Riccardo Gennaio 23, 2026 3 minuti letti

Quando il silenzio diventa una lezione: il caso Aidone
C’è una lezione che non compare in nessun programma scolastico, ma che resta impressa più di tutte.
È la lezione del silenzio. Ad Aidone, mentre le scuole aprono le porte a una visita pastorale che divide
e interroga, un cittadino chiede risposte e non ne riceve. La vicenda non è religiosa: è una storia di
legalità, responsabilità e coerenza istituzionale.
Il punto non è la fede.
Il punto è la coerenza delle istituzioni pubbliche.
Monsignor Gisana non è un visitatore qualsiasi. Il suo nome compare in una sentenza del Tribunale
Penale di Enna del 5 marzo 2024 che, nel ricostruire un diverso procedimento, descrive una condotta
che i giudici qualificano come gravemente omissiva nella tutela dei minori, in relazione alle attività
di un sacerdote già segnalato per presunti abusi. Oggi lo stesso Monsignore è imputato in un
procedimento penale con l’accusa di falsa testimonianza, in relazione a dichiarazioni rese ai
magistrati. La sua posizione è al vaglio della Giustizia e, come impone la Costituzione, per lui vale
la presunzione di innocenza. Proprio per questo, tuttavia, la scelta di offrirgli una tribuna istituzionale
in una scuola statale appare, a molti, quantomeno problematica.
A sollevare la questione non è un polemista, ma una persona che quella storia l’ha attraversata sulla
propria pelle. Antonio Messina, sopravvissuto a quegli abusi e cittadino che continua a credere nello
Stato, ha scritto ai vertici scolastici competenti con una comunicazione formale inviata il 15 gennaio
scorso. Ha chiesto una cosa semplice e profonda insieme: quali valori si intendono trasmettere agli
studenti consentendo quell’incontro?
A oggi, non è arrivata alcuna risposta.
Nessun chiarimento. Nessuna spiegazione. Nessuna assunzione di responsabilità. Solo silenzio. Un
silenzio che pesa ancora di più perché cala su un istituto che porta il nome di Giovanni Falcone,
simbolo di una legalità che non ha mai fatto sconti all’omertà e che ha pagato il prezzo più alto per
affermareÈ legittimo domandarsi perché una scuola pubblica scelga di aprire le proprie porte a una figura
coinvolta in un procedimento per reati contro l’amministrazione della Giustizia, anziché investire con
pari determinazione in percorsi di prevenzione, ascolto e tutela dei minori. Questa non è un’accusa:
è una domanda educativa. È la domanda che ogni comunità dovrebbe porsi quando si parla ai ragazzi
di legalità, responsabilità e fiducia nelle istituzioni.

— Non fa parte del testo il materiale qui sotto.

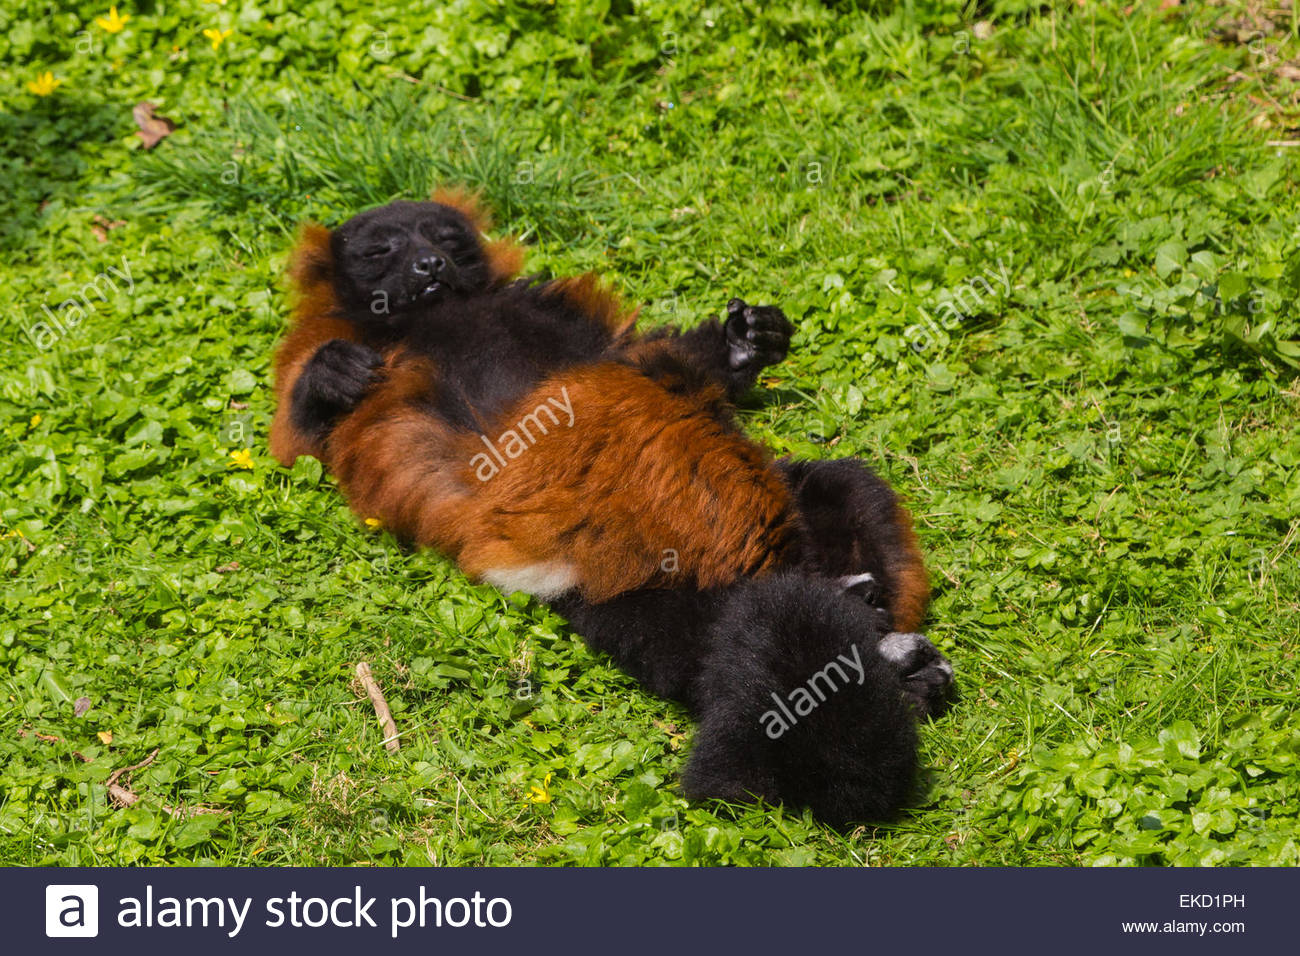 A Red-Ruffed Lemur posed like a sunbather lying on its back enjoying bright sunshine with closed eyes. - Stock Image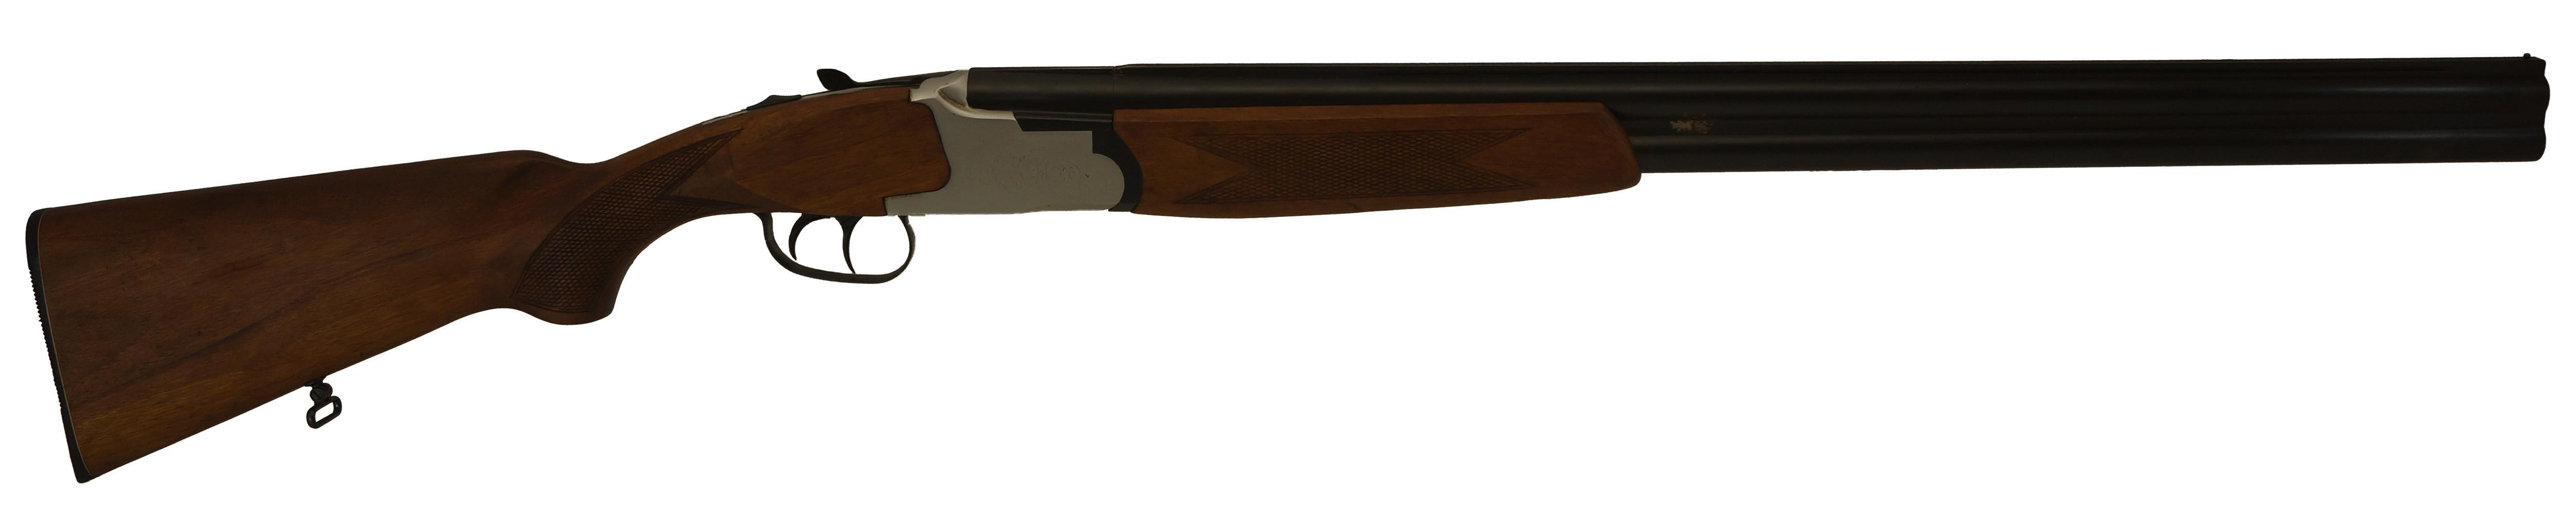 "Zastava M80, 12GA, 28"" Barrel, *Very Good, Incomplete*"

Di fronte al vuoto lasciato a livello locale, la questione è ora approdata sul tavolo del Ministro
dell’Istruzione e del Merito. A lui si chiede ciò che altri hanno evitato: assumere una responsabilità
politica e morale. È compatibile con la missione della scuola pubblica offrire visibilità istituzionale a
chi è imputato, secondo l’accusa, di aver ostacolato l’accertamento della verità?
Il diritto di critica non è un abuso: è il fondamento di una democrazia sana. Qui non si invocano
condanne, ma coerenza. Perché se la scuola deve insegnare la legalità, deve anche incarnarla nelle
sue scelte, nei suoi simboli e perfino nei suoi silenzi.
La domanda resta sospesa, pesante, impossibile da ignorare: da che parte sta lo Stato, ad Aidone?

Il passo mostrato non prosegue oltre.